Words
It’s bound to happen….someone says something hurtful to you and the words cut like a knife. It may have been in your childhood, or quite possibly even a few days ago. Whether it be a sibling, spouse, parent or friend, just about all of us have encountered this sometime in our life.
This happened recently to me. I won’t go into all the details, but this is far from the first time this has occurred in my life. In the past, when this has happened, I’ve been able to forgive the person who wronged me and moved on. Granted, I may have forgiven the people, but that doesn’t mean their words don’t still replay in my mind.
I’m the type of person that takes things to heart. Yes, I have a sense of humor and can take jokes- I dish them out, so I can take them. However, when things are said about my character, or lack thereof, those are the things that get me thinking. Granted, the person who said them may have apologized (or sometimes they don’t), but I still think about the things that were said. That’s where I am right now….
The most recent hurtful remarks happened seven days ago. The things said have made me reevaluate some of the most important things in my life. If this happens over and over again, am I being a pushover if I continue to allow it to happen?
*sigh* Not going to lie, this is a tough place to be. You know I value your thoughts and opinions- please feel free to leave a comment.
Thanks for letting me spill and ask for advice. You guys are awesome. :)
You are so nice, I can’t imagine anyone saying something mean to you!
I think I am about ten years older than you.

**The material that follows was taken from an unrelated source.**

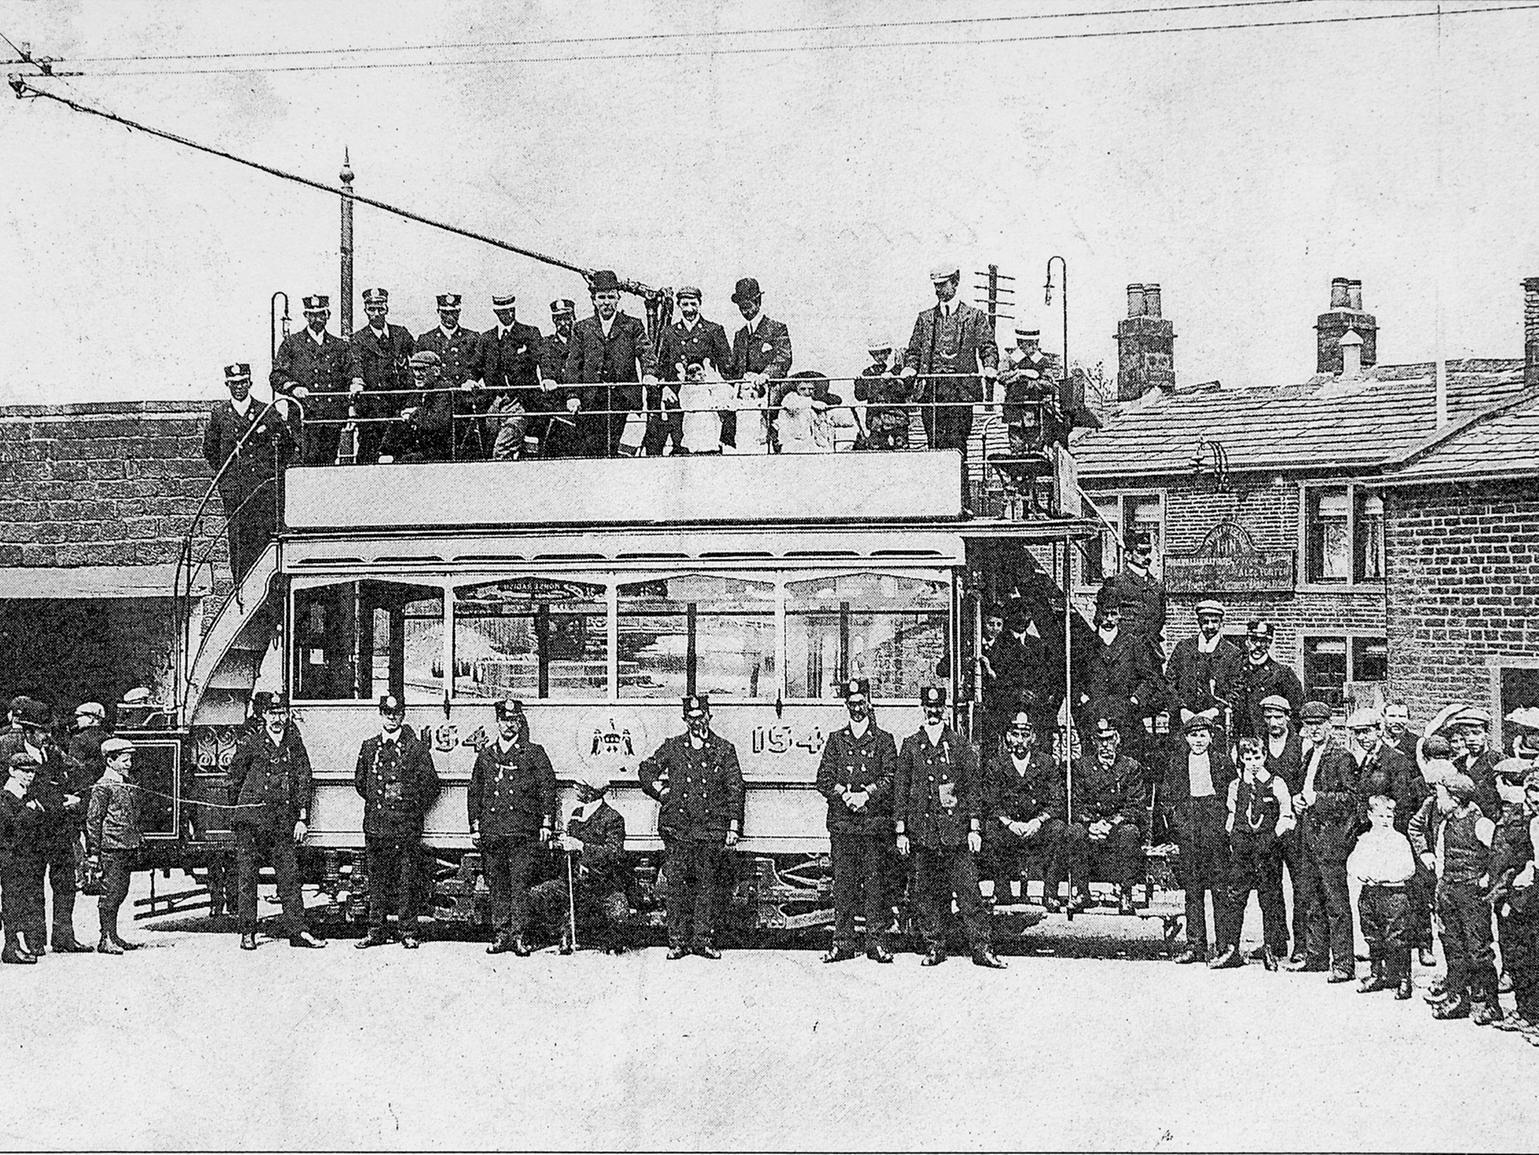 These smartly turned out Leeds City Transport employees turned up on the first electric tram to Rodley. Behind the tram and to the right was the Three Horseshoes pub, later renamed as the Rodley Barge.

And ten years ago, I would have taken the stance to accept the apology and move on. But there are a lot of ways people are mean, and most of it is really passive so they don’t look like the bad guy but they really are. So if someone is willing to say something so mean that they hurt your spirit… that says more about their character than yours. And it is as mean as it gets too. I am not sure I would give that person any more of myself or my time. I know I wouldn’t be making them a card anytime soon!
I hope you can find peace in this matter.
Ohh my, Paulina..I didn’t realize “that” episode was this. I thought it was something smaller and about something else. I’m so sorry you are going through this!And here I was telling you about my situation with a sister yesterday…I feel kinda selfish now. I’ll e-mail you, we need to talk. How I wish we weren’t in the same sinking boat together.
Hopefully we can lift each other up and get past the hateful words spoken by others. {{HUG}} Hang in there sweetie.
Paulina. I love that you are REAL and share your life with us…good and bad. I am 61 years old and I am a Christian too. I learned something really wonderful at the age of 55 through a couple prayer warriers who were counseling me and praying for me. One of the ladies was 84 years old and when I looked at her it was as if I was looking into the eyes of Jesus. She told me that I needed to set boundaries for my “friends” that they were not “honoring” me or my friendship. She told me that I need not allow just anyone into my life even though they had been there for many years. She said to tell them that it’s not OK to stand me up for lunches (which occurred frequently) and to say hurtful things to me and that I felt I was being dishonored as a person and especially as a friend. We are not to be doormats and we are to expect our friends to honor that friendship and treat us with honor. I eventually (within a month) had to cut out 4 woman from my life who had been “friends’ for over 15 years. And you know what, I felt such a huge burden lift from me after I did that. I wasn’t angry with them and I wasn’t disappointed in them any longer because I knew I deserved to have better people in my life. As a result of me setting boundaries for people, I find myself now with WONDERFUL friends who don’t mistreat my open heart and friendly nature. I am careful who I call friend…I have many “aquaintances” but few “friends”. There’s a difference. I hope this helps you…sometimes making necessary decisions is tough but you can do it. You are sweet and kind with a good heart but also deserve to be treated with kindness and honor.
Sorry…I don’t know what I did to make my comment show up THREE times…LOL LOL
really good post.
totally agree with Erika… there are some people that need to know what is okay, and what is not. you know where i stand on this subject! :D
love you TONS.
I’ve had some instances like that, and when they keep repeating – me being hurt, I finally realized I must let it go (HARD to do) but those people are now dead to me. I cannot forgive or forget some things and these were nasty things. From people I’ve known/friended for years. Maybe it’s because I’m getting older and learning to cherish more the true friends. Although I don’t think of those instances often, they are still there hovering in the background. It’s very sad to lose what you thought was a long time friend over something like this. sniffle sniffle
I agree with all of the above – some very wise women! I’m not sure what the incident was, but I would be very certain to keep good boundaries and make sure that they were respected. It is amazing how stressful it can be to keep up an unhealthy relationship — I entirely agree that good boundaries or eliminating that stress will make you much happier and attract the kind of people who will really appreciate you! Good luck!!